If the light barrier 210 is not switched when a binary code is used with identical positions, a result can be read between these two angular positions, which result is falsified in magnitude by an amount which depends on the sum of the values of the binary digits, for which value the switched light barrier 210 is assigned. In the most severe case, the error would amount to the highest binary number, which may be half the range of values of the code or half the range of rotational positions, i.e. 8 positions. For the gray codes shown in the allocation table 400, an error corresponding to one rotational position can occur only once at maximum between adjacent rotational positions of the code disk 230 by means of a mis-scan.

In order to continue processing for a specific rotational position of the code disk 230, the gray code shown in fig. 4 can be converted, for example, into a binary code in a known manner. The conversion is explicit and well known in both directions.

Claims (9)

1. An electric hand-held power tool (100) comprises

-a cylindrical device section (105, 110);

-an operating element (120) movable around the cylindrical device section (105, 110); and

an electrical scanning device (210) arranged on the cylindrical device section (105, 110) for determining the rotational position of the operating element (120),

wherein,

-the scanning device (210) is arranged for optically scanning the rotational position,

characterized in that the scanning device (210) comprises a plurality of binary scanning elements (205), wherein each scanning element provides a binary number of the binary-coded rotational positions of the operating elements.

2. The electric hand-held power tool (100) according to claim 1, characterized in that the rotational positions are coded in such a way that the binary representations of the respective adjacent rotational positions of the actuating element (120) differ by at most one binary digit.

3. The electric hand-held power tool (100) according to claim 1 or 2, wherein the actuating element (120) has a number of position marks in the shape of circular arcs, each scanning element (205) being provided for scanning the position marks assigned to it and at least two position marks being located on the same circumference around the rotational axis (250) of the actuating element (120).

4. The electric hand-held power tool (100) as claimed in claim 3, characterized by a code disk (230) which is connected to the actuating element (120) and which extends in a radial direction with respect to the rotational axis (250) of the actuating element (120), and one of the position markings comprises a perforation in the code disk.

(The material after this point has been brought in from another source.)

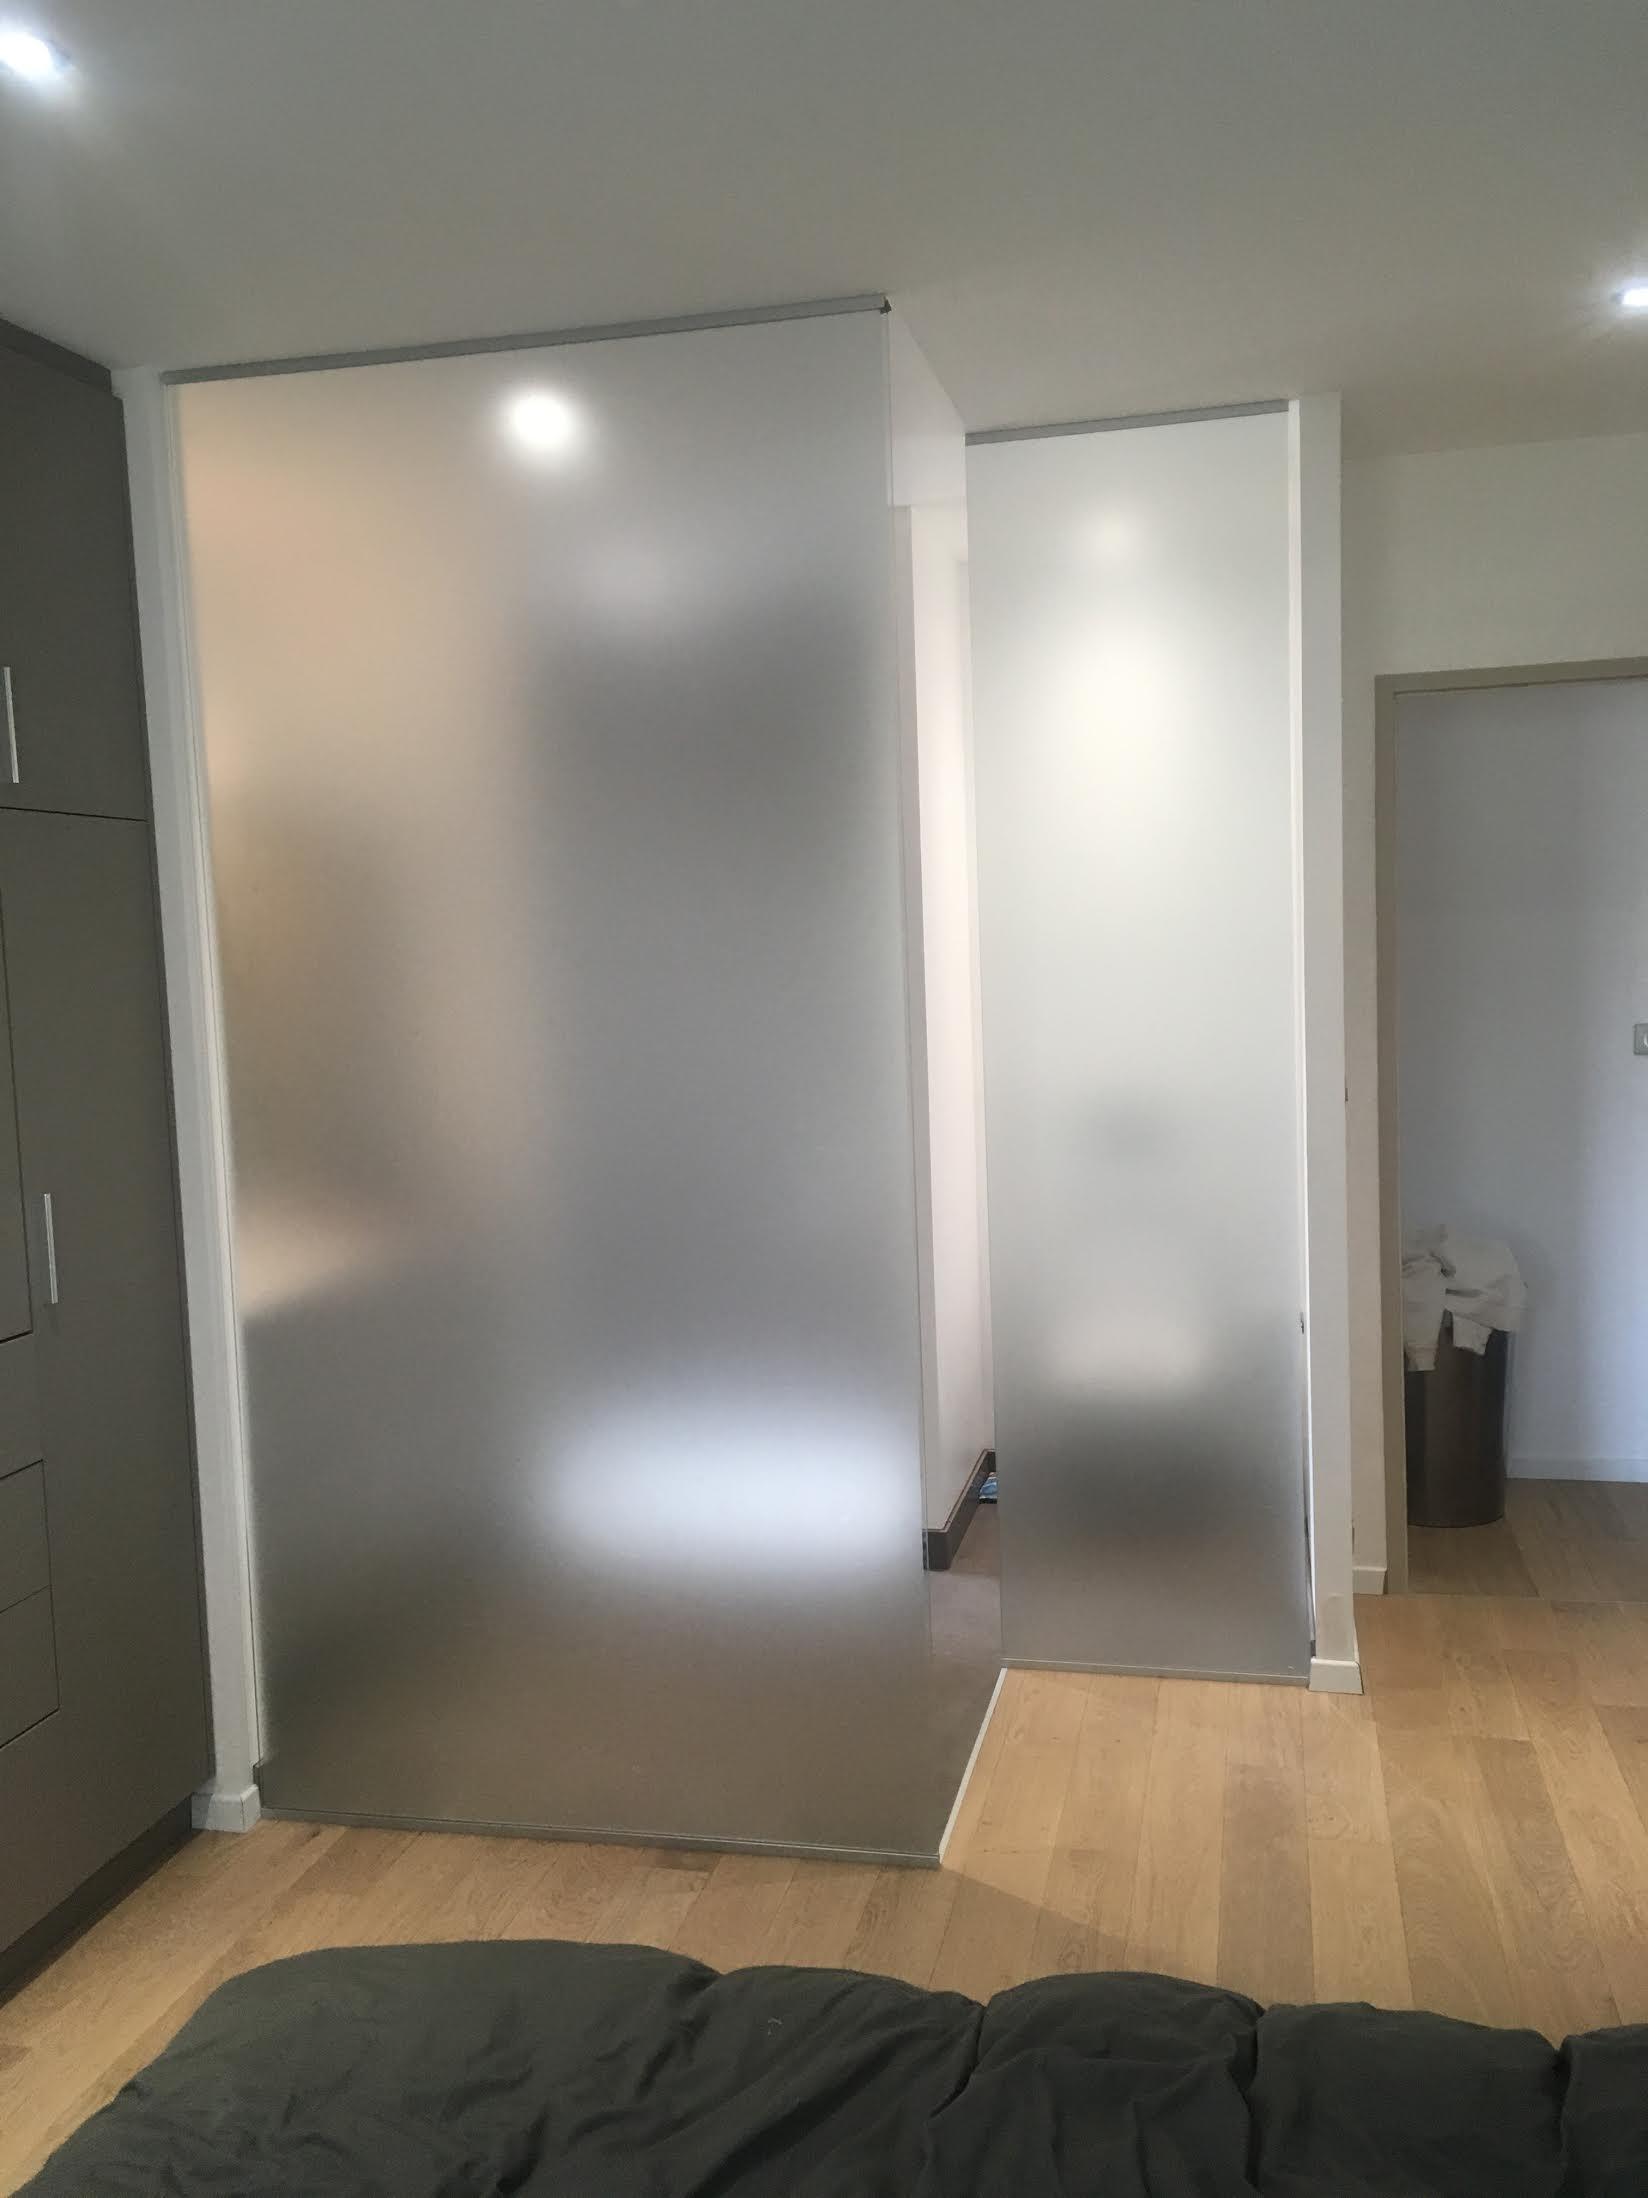 salle de bain archives abm miroiterie vitrerie. Black Bedroom Furniture Sets. Home Design Ideas

5. The electric hand-held power tool (100) as claimed in claim 3, characterized in that a code disk (230) which is connected to the actuating element (120) and extends in a radial direction with respect to the rotational axis (250) of the actuating element (120) and two of the position markings comprise reflective markings on different sides of the code disk (230).

6. The electric hand-held power tool (100) as claimed in claim 1, characterized by a control system (115) which is designed to control an electric drive of the electric hand-held power tool (100) on the basis of the rotational position of the actuating element (120).

7. The electric hand-held power tool (100) as claimed in claim 6, characterized in that the control system (115) and the scanning element (205) are arranged on a common flat circuit board (220).

8. The electric hand-held power tool (100) according to claim 1, wherein the cylindrical device section comprises an electric motor (105) and/or a planetary gear (110).

9. The electric hand-held power tool (100) as claimed in claim 1, characterized in that the actuating element (120) is movable about a rotational axis (250) which extends parallel to a longitudinal axis of the cylindrical device section (105, 110).